6. After delivery to the PCU, the solution is once again checked by the person who will be
administering the drug
7. IV admixtures should be refrigerated until shortly prior to use. If it is not used within 24 hours, it
should be returned to pharmacy to be redistributed or destroyed
Table 5-2 Labeling and checking system
The following information suggested to be placed on all IV admixtures following preparation
 Patient name, identification number, and room number
 Bottle sequence number
 Name and a mount of drug added
 Name and volume of admixture solution
 Approximate final total volume of the admixture
 Prescribed flow rate (ml/hour)
 Date and time of scheduled administration
 Date and time of preparation
 Expiration date
 Initials of the person who prepares and/or checks the IV admixture
 Auxiliary labeling: supplemental instructions and precautions (e.g. protect from light, for epidural
use only)
Small-Volume Intravenous Infusions
Manufacterer’s Drug Packaging
Sterile dosage forms are prepackaged in: single-dose or multidose vials, ampoules, syringes, glass
bottles, or plastic container. These products may also be classified according to their therapeutic use:
IV or irrigating solutions, IM, S.C, intradermal, intrathecal, sterile ophthalmic solutions, diagnostic
agents, or allergenic extracts.
Intravenous Admixture System
Syringes: containing single or multiple doses of an individual drug may prepared by pharmacy. The
correct dose is drawn into a syringe (usually 5-60 ml), labeled and delivered to the patient unit.

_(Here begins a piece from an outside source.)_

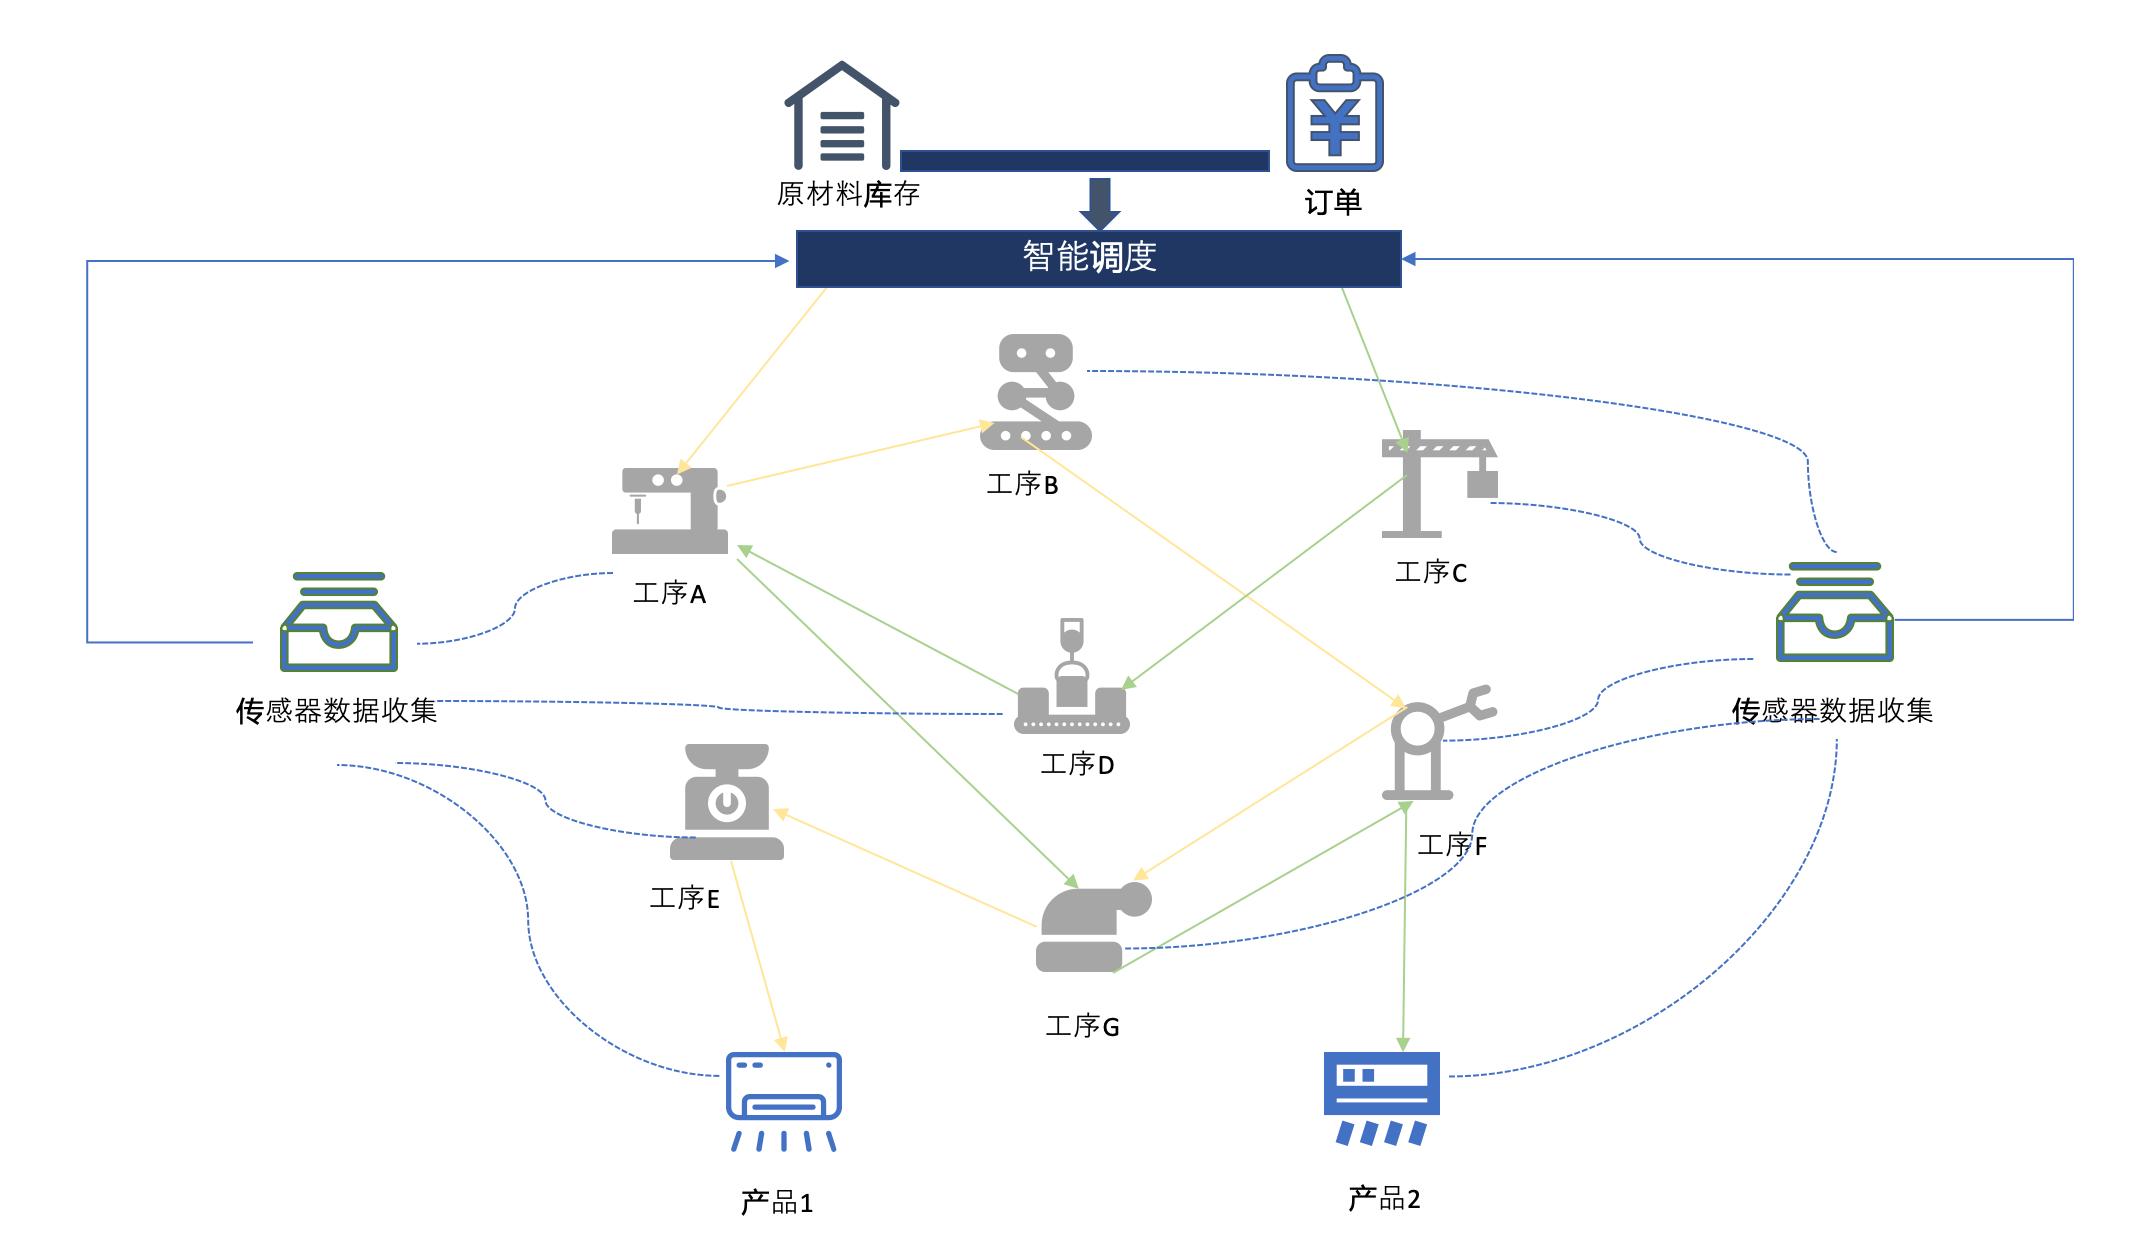 中国电商的下一个绝佳机会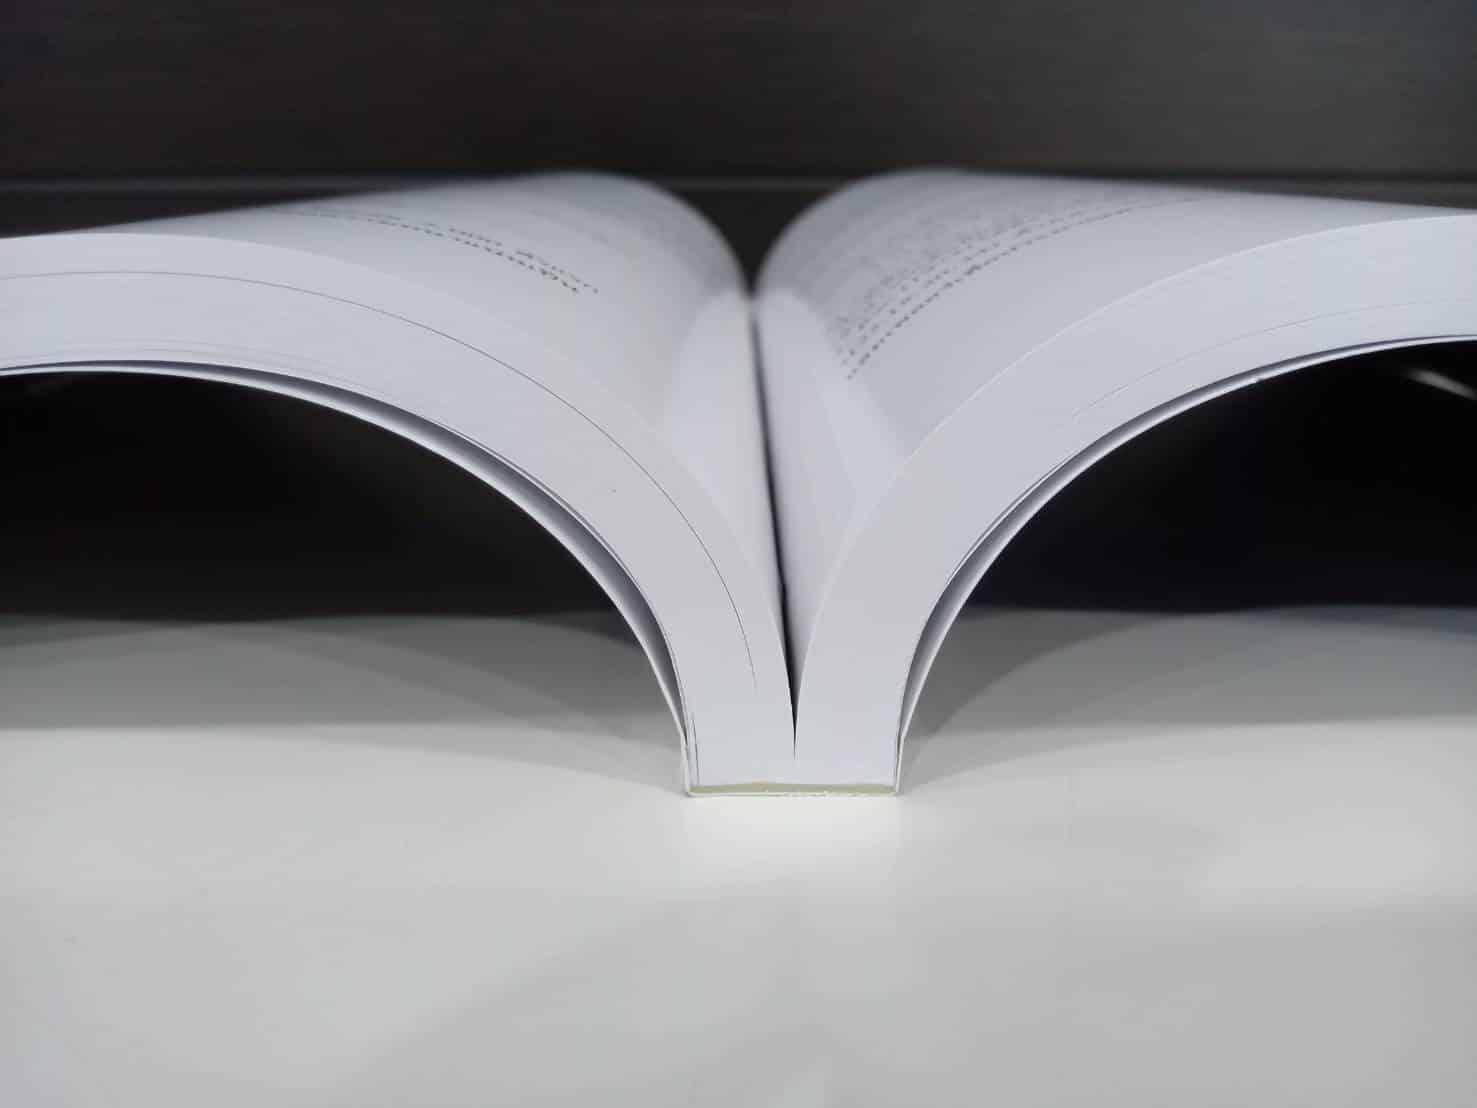 296579 - ตัวอย่างงานพิมพ์หนังสือ การคำนวณเชิงสถิติและเทคนิคการจำลองด้วยโปรแกรม R

Small-volume IV systems: IV admixture solutions may be administered by intermittent doses by means
of a secondary or “piggyback” IV. A piggyback refers to a second IV solution, usually in small volume
of diluent than the primary IV.
Large-Volume Intravenous Infusions
Parenteral solutions that are administered continuously over 24 hours should also be included in the
pharmacy’s IV admixture program. These differ from intermittent infusions because they can be used
to deliver large quantities of fluid to patient. Several continuous IV solutions are available
commercially in large volume (500-1000 ml). Often, a specific concentration of a drug or electrolyte
(e.g. potassium, magnesium) must be added to dextrose or sodium chloride IV solutions.